---------- RECORDED DATA ----------

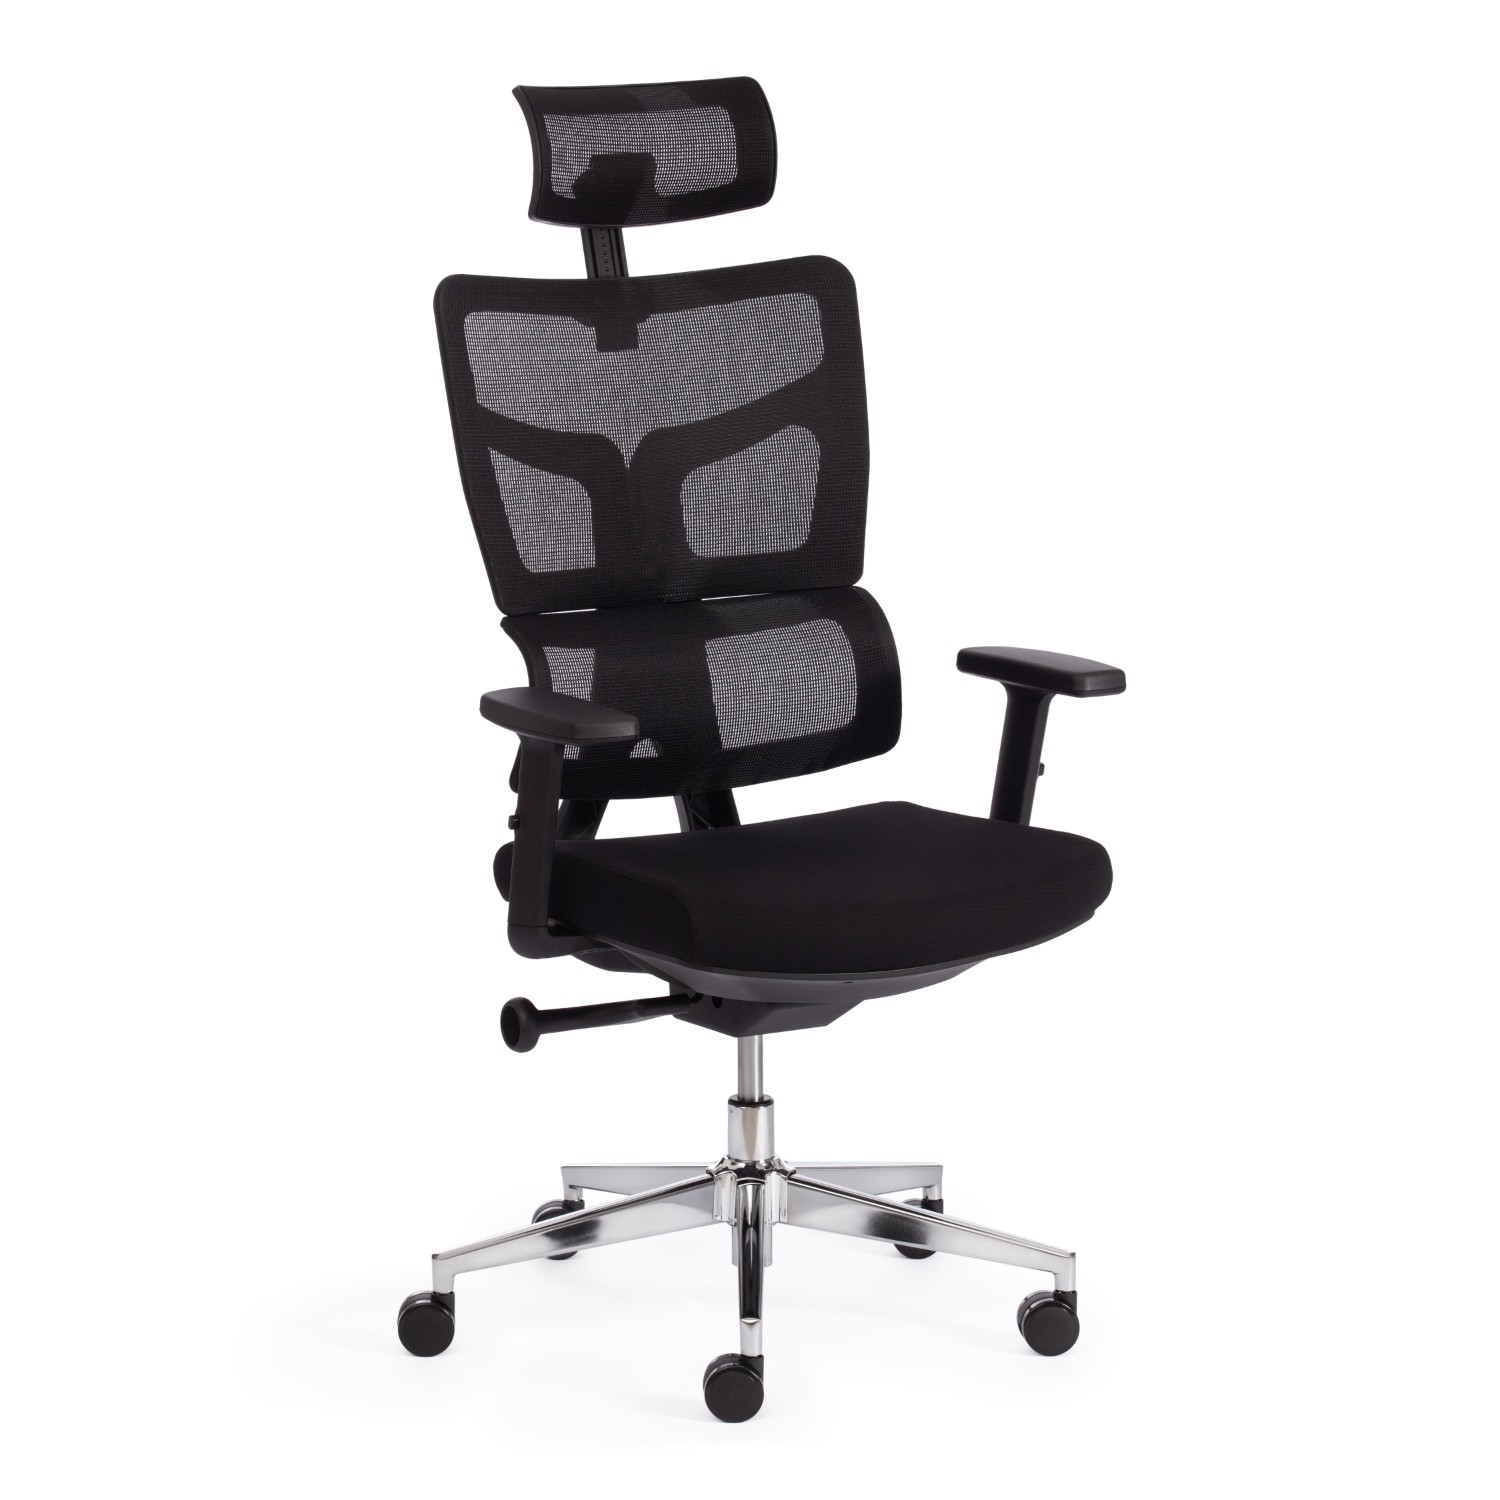 Кресло ТС Mesh тканевое с сеткой черное кресло тс fly ткань 207 2603 черное с серым
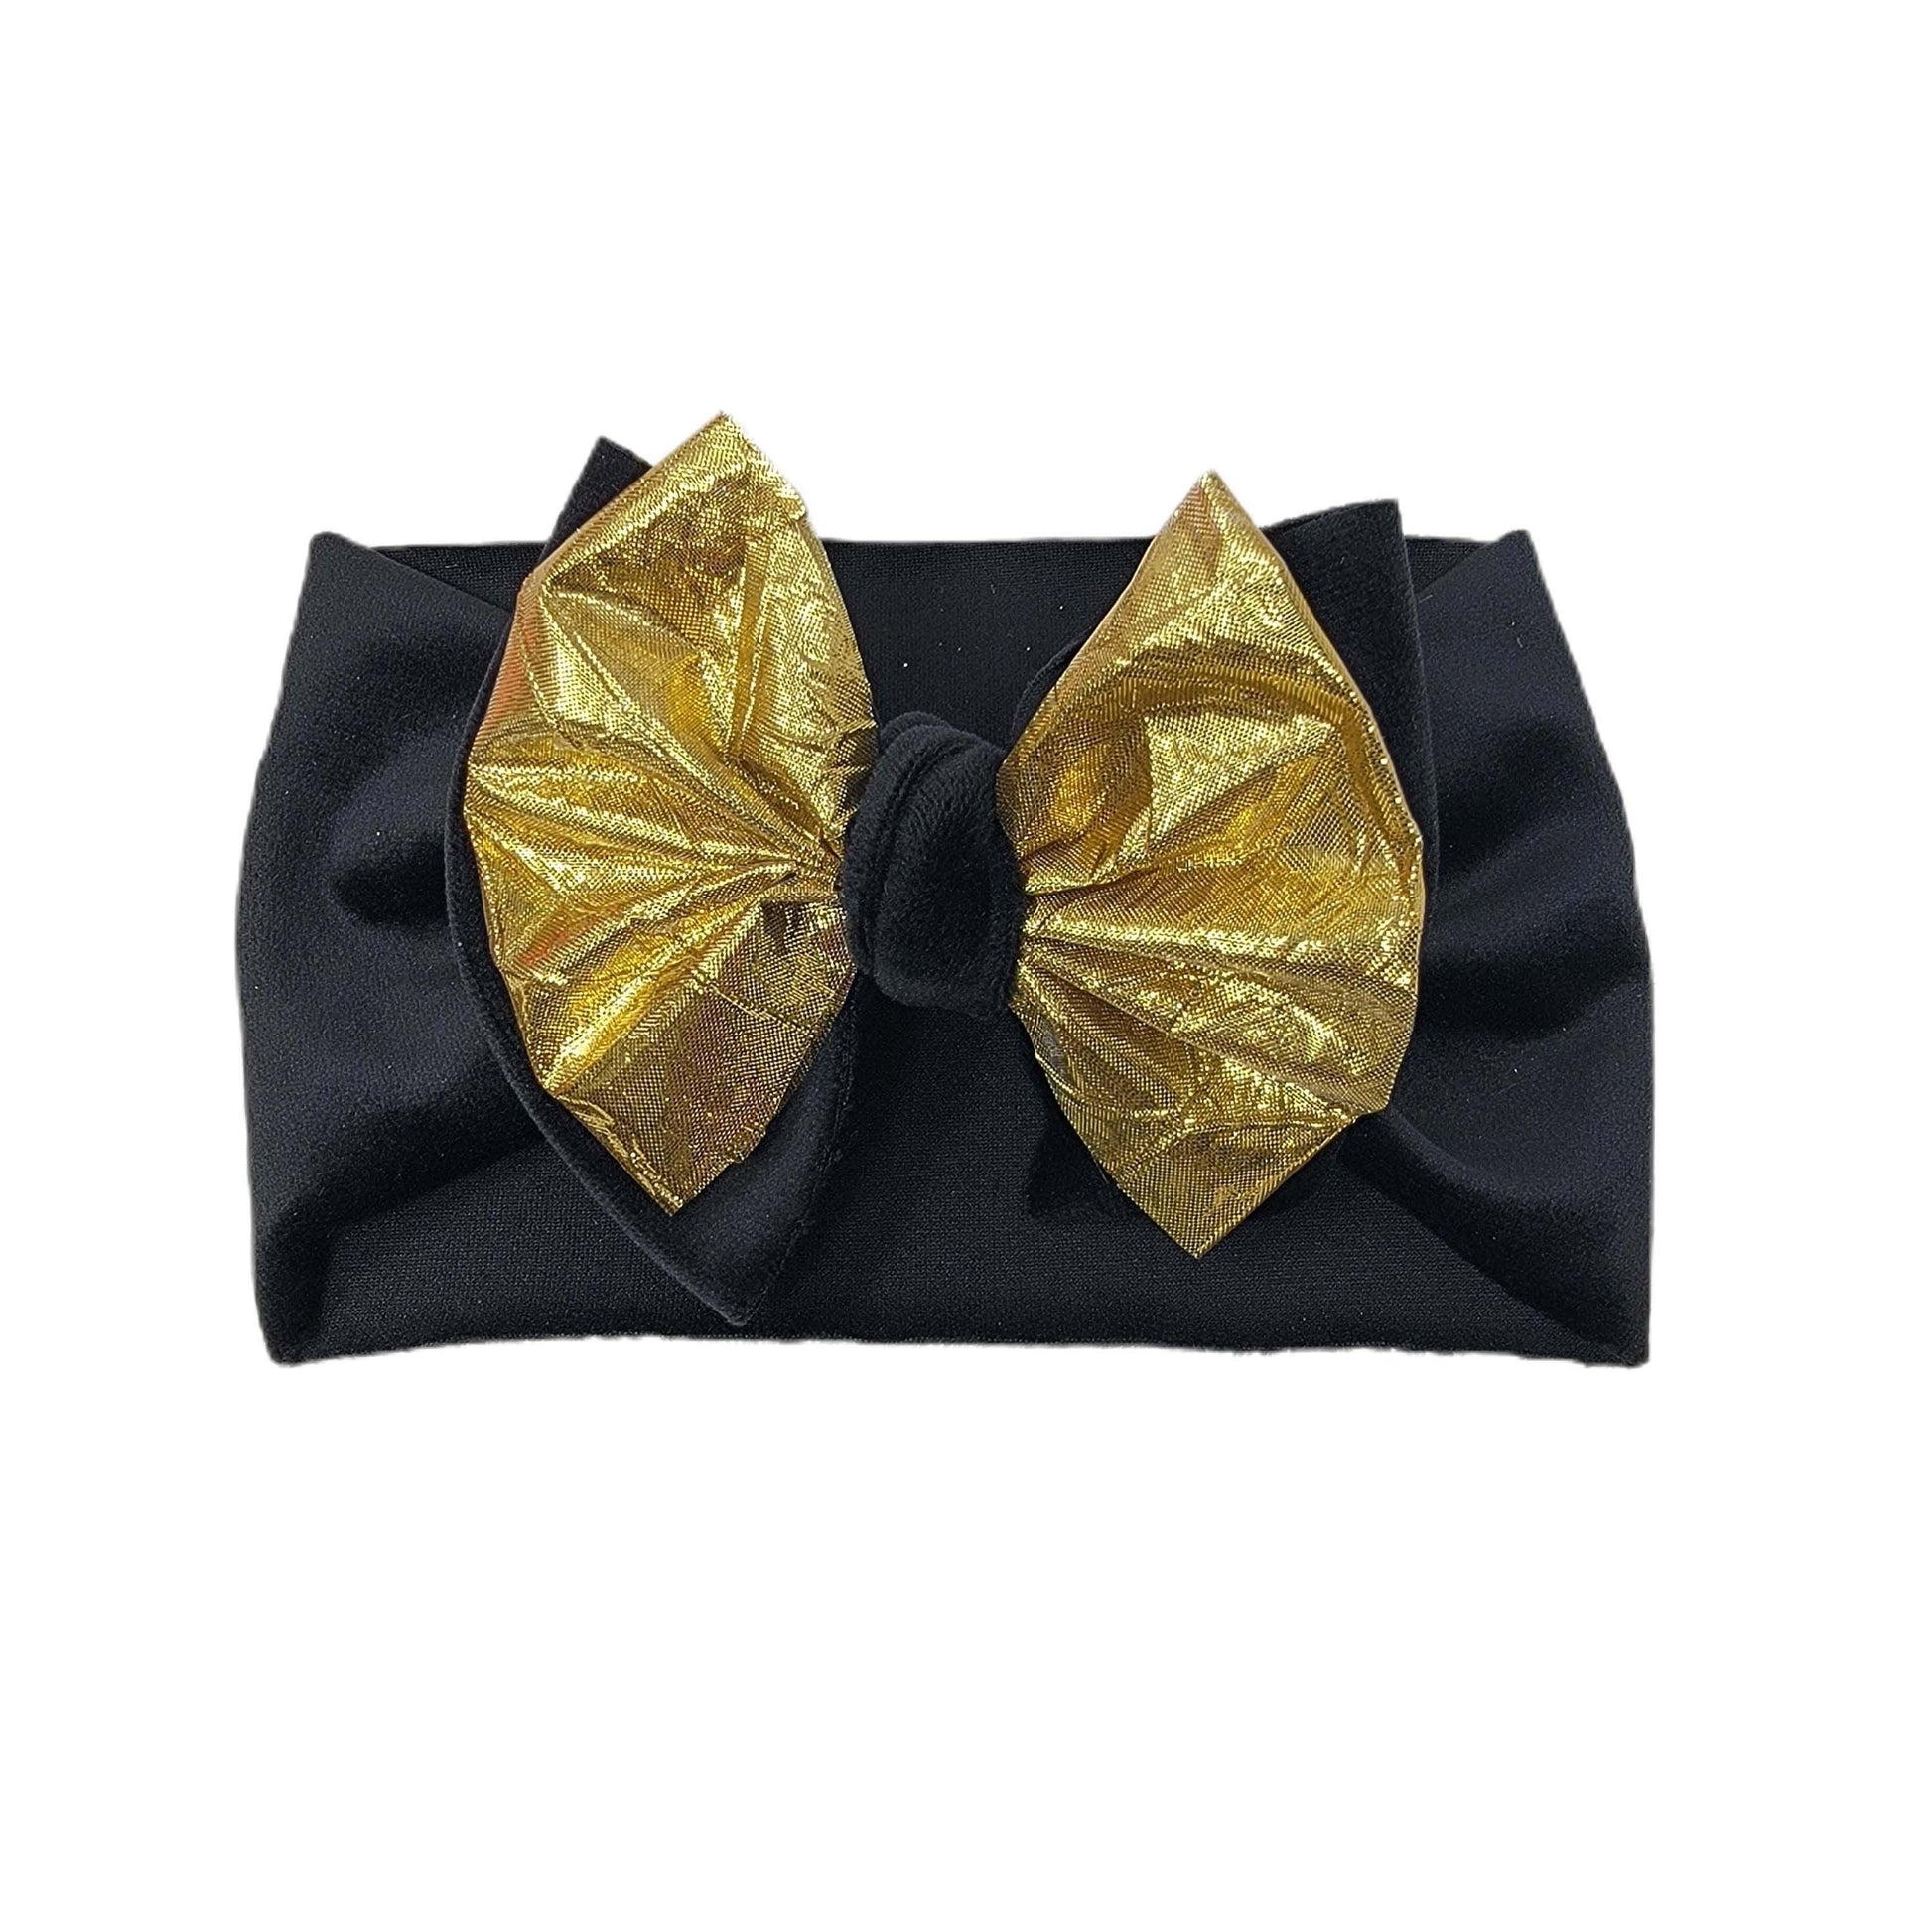 Gold Foil & Black Velvet Double Stack Fabric Headwrap
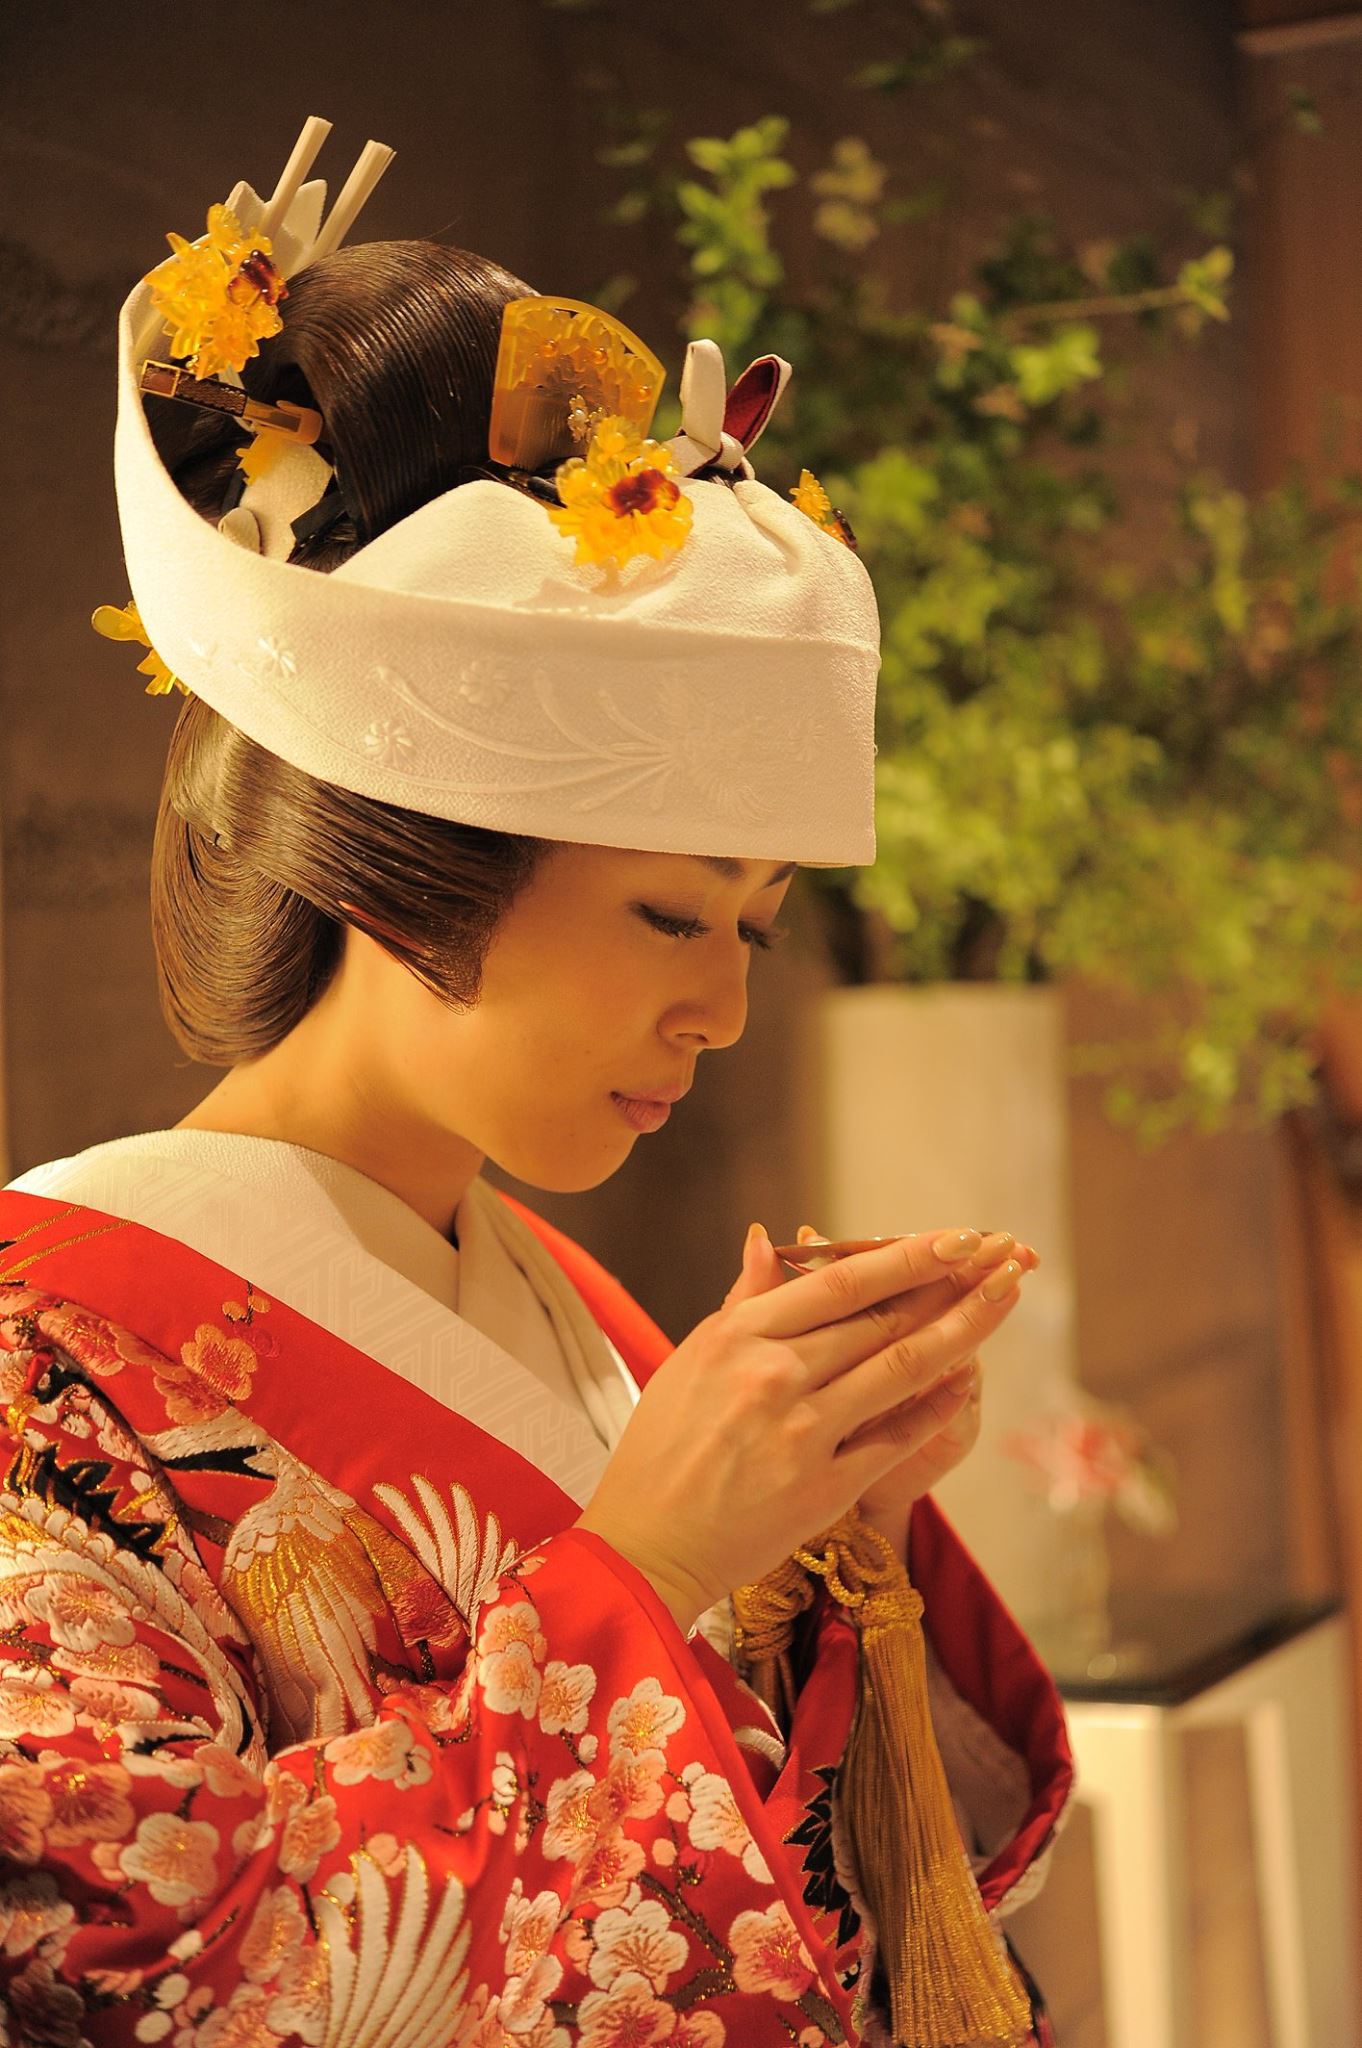 日本の結婚式

----------

■ EXERCISE DIRECTIONS
In repeating the lines above, keep the wording exact and leave every picture out.

■ SOLVED EXERCISE
 Кресло ТС Mesh тканевое с сеткой черное кресло тс fly ткань 207 2603 черное с серым
 Gold Foil & Black Velvet Double Stack Fabric Headwrap
 日本の結婚式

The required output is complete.